The transport and distribution costs are reduced, generally the energy it´ s consume at the same place where it is produce.
In addition to the fact that cogeneration has as an objective covering the propper energy needs , we can see that, according to the Report of the Spanish Electric System elaborated by The Spanish Electricity Grid corresponding to 2019, it is able to cover almost an 12% of the spanish demand with just a 5% of the participation in the national installed power. At a european level, the cogeneration provides an 11% of the electricity consume and a 15% of the heat.
Also the European Commision recognise the need of the presence of the cogeneration in the energy system, mentioning in the Energy Efficiency Directive that “cogeneration of high efficiency has a significative potential for saving primary energy in the Union” and the need that “the member states promote the introduction of measures and procedures to promote the installations of cogeneration with a total nominal thermic power under 5mw with the aim of promtoing the generation of distributed energy”.
Even taking into account all the benefits mentioned, we can only find these type of technolgies in industrial areas or big buildings of the terciary sector. Due to that, an area with a high potential is the development of micro-cogeneration, that is to say, low power cogeneration systems (under 50kW) that generate the heat and the electricity needed for covering the energy needs of residential buildings. This aspect is key both for the development of the local energy communities in which the figure of the passive consumer is blurred and for the consecution of one of the big environmental objectives, the climate neutrality.

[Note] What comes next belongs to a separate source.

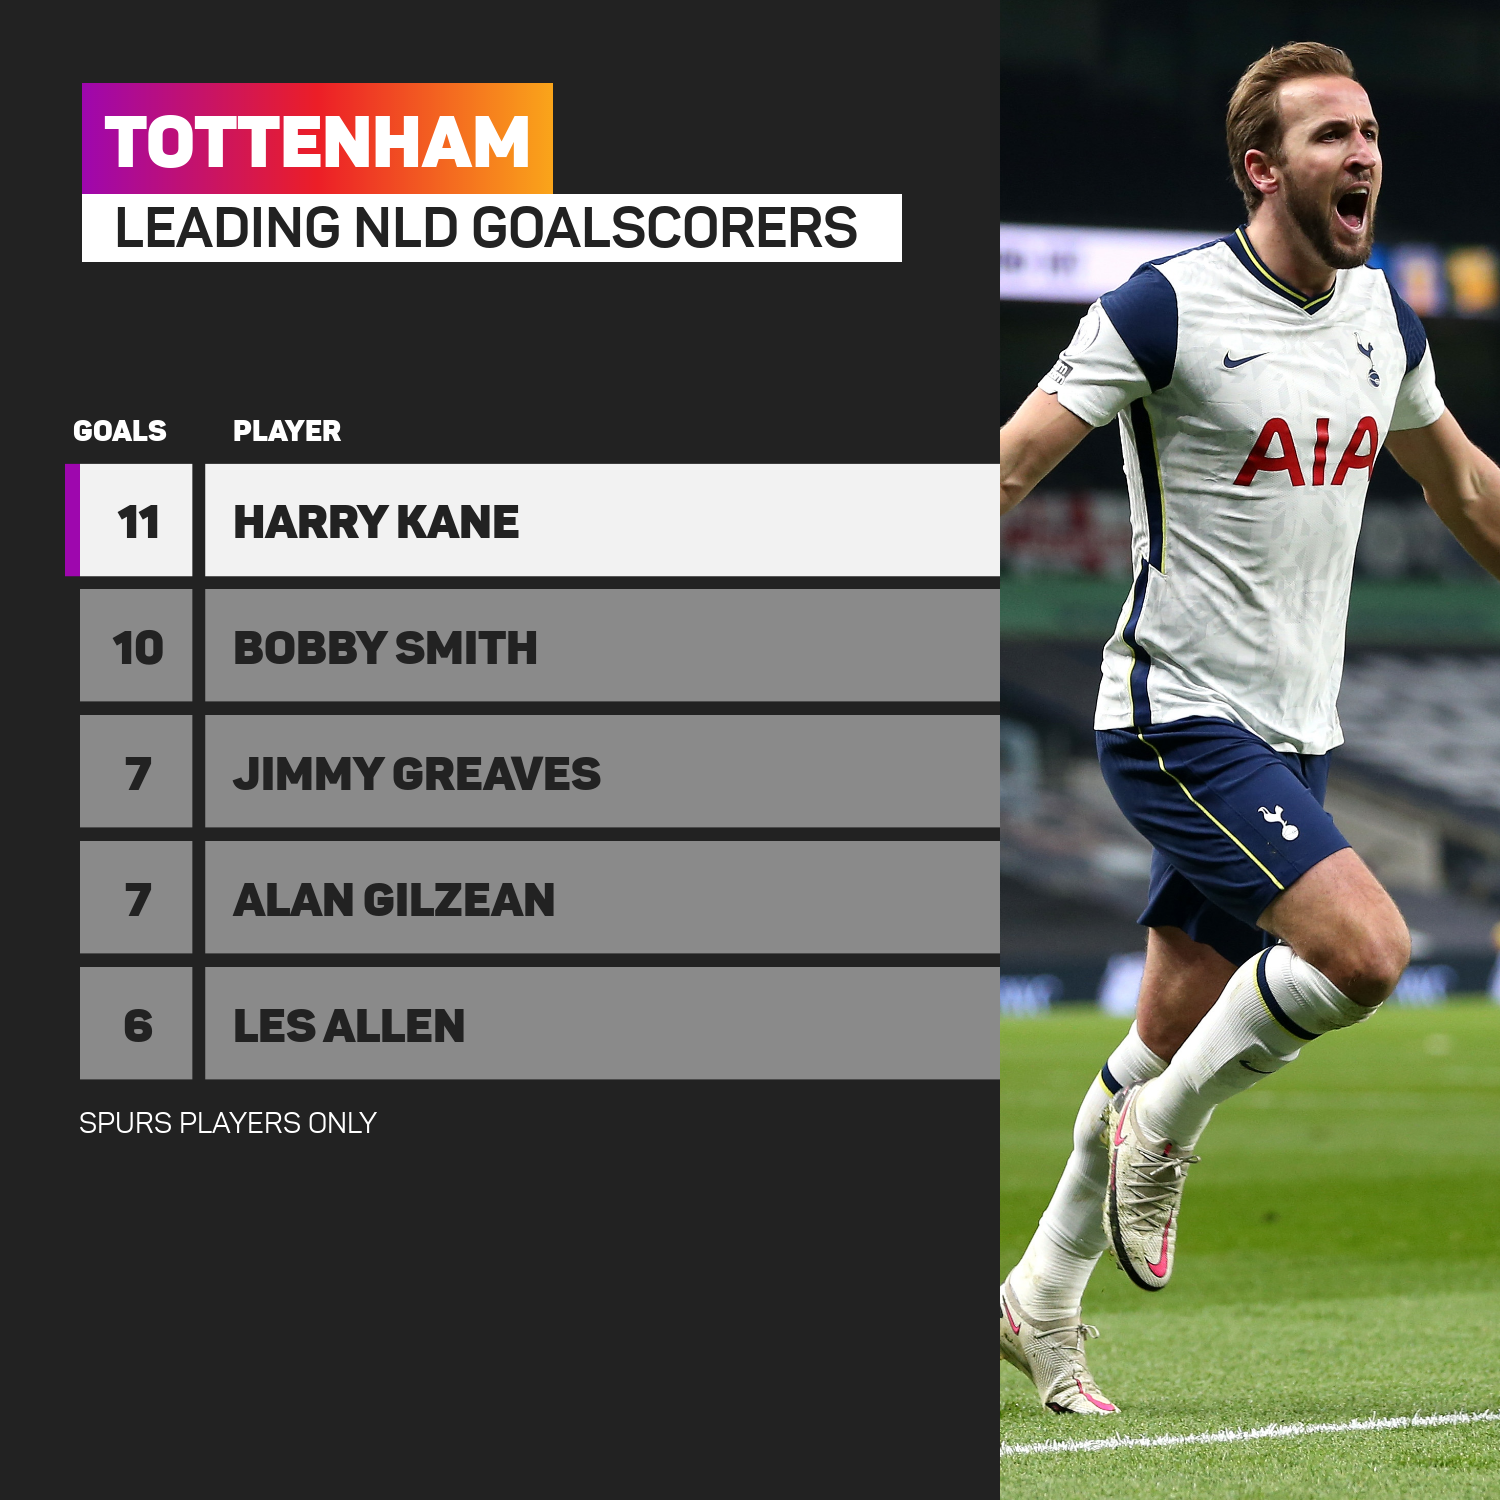 Harry Kane is the leading north London derby goalscorer

Inside the nowadays cogeneration systems, we can find two big groups:
Conventional internal combustion engines coupled to an electric generator and from which heat is recovered from the exhaust gases and cooling systems. They usually operate usinig natural gas or diesel as fuel, reaching overall efficiencies of 80-90%.
Microturbine systems consisting of an open cycle gas turbine in which air is drawn in from the atmosphere, compressed by a rotary compressor and fed into the combustion chamber and then used for expansion in a turbine. The electric energy it is obtaines from an alternator, meanwhile the heat it´ s recover from the scape gases. They reach overall yields among the 90%. The fundamental difference compared with the previous ones is that turbines are designed for function in a stationary regime, meanwhile engines allow a wider regulation. Also, the temperature of the scape gases of the turbines is higher, being normally around 300-400ºC. The fuel mostyl used is natural gas, but in this case is possible using other more sustainable such as biogas.
As we have seen, most of nowadays systems used fossil fuels, what it is not adequate according to the environmental commitments adquired. In 2018 just the 4% of the energy generated through cogeneration proceed from renewable sources such as biofuels and residues (The energy in Spain 2018, MITECO)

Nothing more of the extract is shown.